WORK REQUEST - In the data below, find the line that contains "semplice set di" and the line that contains "Presupuestos participativos en". Copy both, plus every line between them, exactly.

───── SUPPLIED RECORDS

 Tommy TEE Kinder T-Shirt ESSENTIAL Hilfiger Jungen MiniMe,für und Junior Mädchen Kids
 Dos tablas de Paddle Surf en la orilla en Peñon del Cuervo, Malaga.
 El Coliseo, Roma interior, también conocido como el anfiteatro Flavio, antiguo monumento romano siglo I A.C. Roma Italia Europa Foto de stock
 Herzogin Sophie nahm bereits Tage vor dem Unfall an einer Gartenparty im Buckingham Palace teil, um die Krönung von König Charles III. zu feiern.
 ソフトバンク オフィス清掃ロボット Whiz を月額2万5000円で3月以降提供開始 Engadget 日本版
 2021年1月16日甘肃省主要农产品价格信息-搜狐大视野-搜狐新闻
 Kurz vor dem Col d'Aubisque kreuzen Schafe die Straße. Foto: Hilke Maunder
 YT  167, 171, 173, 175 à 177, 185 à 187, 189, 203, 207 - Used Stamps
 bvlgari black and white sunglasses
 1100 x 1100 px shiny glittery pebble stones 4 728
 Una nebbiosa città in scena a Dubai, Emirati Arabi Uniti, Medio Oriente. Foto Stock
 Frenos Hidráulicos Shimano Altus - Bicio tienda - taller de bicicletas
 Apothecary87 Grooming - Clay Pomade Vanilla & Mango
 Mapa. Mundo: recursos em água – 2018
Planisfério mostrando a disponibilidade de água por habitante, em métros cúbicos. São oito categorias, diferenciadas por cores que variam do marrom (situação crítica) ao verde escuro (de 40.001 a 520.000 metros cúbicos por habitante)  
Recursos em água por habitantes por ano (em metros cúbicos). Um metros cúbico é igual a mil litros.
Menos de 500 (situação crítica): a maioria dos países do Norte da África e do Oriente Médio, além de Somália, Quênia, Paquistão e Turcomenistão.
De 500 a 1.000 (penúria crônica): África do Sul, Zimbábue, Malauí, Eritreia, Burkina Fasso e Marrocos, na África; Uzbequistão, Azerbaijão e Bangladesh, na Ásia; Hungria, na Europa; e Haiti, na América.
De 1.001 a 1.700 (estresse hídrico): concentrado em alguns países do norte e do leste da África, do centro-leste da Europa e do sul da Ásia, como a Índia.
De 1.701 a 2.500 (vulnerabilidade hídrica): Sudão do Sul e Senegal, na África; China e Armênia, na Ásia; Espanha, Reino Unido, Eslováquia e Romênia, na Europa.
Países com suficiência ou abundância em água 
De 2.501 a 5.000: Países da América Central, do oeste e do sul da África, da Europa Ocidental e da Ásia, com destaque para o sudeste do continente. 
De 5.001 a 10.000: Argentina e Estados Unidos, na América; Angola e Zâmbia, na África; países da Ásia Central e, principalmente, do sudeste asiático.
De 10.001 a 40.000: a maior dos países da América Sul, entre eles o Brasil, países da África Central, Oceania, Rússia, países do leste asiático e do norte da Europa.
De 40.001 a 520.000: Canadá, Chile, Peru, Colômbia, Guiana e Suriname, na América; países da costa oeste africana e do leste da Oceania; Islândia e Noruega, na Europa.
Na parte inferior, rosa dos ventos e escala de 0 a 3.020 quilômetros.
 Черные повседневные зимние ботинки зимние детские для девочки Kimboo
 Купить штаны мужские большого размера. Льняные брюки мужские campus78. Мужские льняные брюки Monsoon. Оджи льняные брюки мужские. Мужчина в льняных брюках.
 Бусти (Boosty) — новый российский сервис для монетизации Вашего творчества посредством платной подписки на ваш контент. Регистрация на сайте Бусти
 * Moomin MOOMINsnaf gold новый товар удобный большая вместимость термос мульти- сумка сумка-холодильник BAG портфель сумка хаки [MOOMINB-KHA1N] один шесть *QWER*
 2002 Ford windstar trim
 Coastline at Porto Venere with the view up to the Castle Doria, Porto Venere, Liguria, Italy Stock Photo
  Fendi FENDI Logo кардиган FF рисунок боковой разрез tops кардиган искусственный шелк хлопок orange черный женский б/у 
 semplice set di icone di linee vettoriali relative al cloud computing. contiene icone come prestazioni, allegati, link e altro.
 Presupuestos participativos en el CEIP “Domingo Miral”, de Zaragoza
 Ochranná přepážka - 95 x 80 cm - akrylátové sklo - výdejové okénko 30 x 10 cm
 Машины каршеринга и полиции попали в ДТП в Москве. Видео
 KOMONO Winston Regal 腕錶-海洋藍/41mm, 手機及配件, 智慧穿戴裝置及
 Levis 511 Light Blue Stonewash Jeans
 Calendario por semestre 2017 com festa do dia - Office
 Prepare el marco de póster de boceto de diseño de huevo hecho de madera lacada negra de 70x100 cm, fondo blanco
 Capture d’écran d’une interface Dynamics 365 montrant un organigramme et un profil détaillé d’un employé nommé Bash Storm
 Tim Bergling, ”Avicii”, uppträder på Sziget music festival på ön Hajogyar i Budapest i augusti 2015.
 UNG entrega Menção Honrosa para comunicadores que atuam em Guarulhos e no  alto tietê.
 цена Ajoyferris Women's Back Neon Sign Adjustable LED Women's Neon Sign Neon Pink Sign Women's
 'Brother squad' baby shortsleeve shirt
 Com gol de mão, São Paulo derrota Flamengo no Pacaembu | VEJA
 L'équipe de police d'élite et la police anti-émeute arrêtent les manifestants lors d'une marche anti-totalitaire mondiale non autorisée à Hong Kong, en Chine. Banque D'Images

──────────

ANSWER TO THIS EXERCISE -
 semplice set di icone di linee vettoriali relative al cloud computing. contiene icone come prestazioni, allegati, link e altro.
 Presupuestos participativos en el CEIP “Domingo Miral”, de Zaragoza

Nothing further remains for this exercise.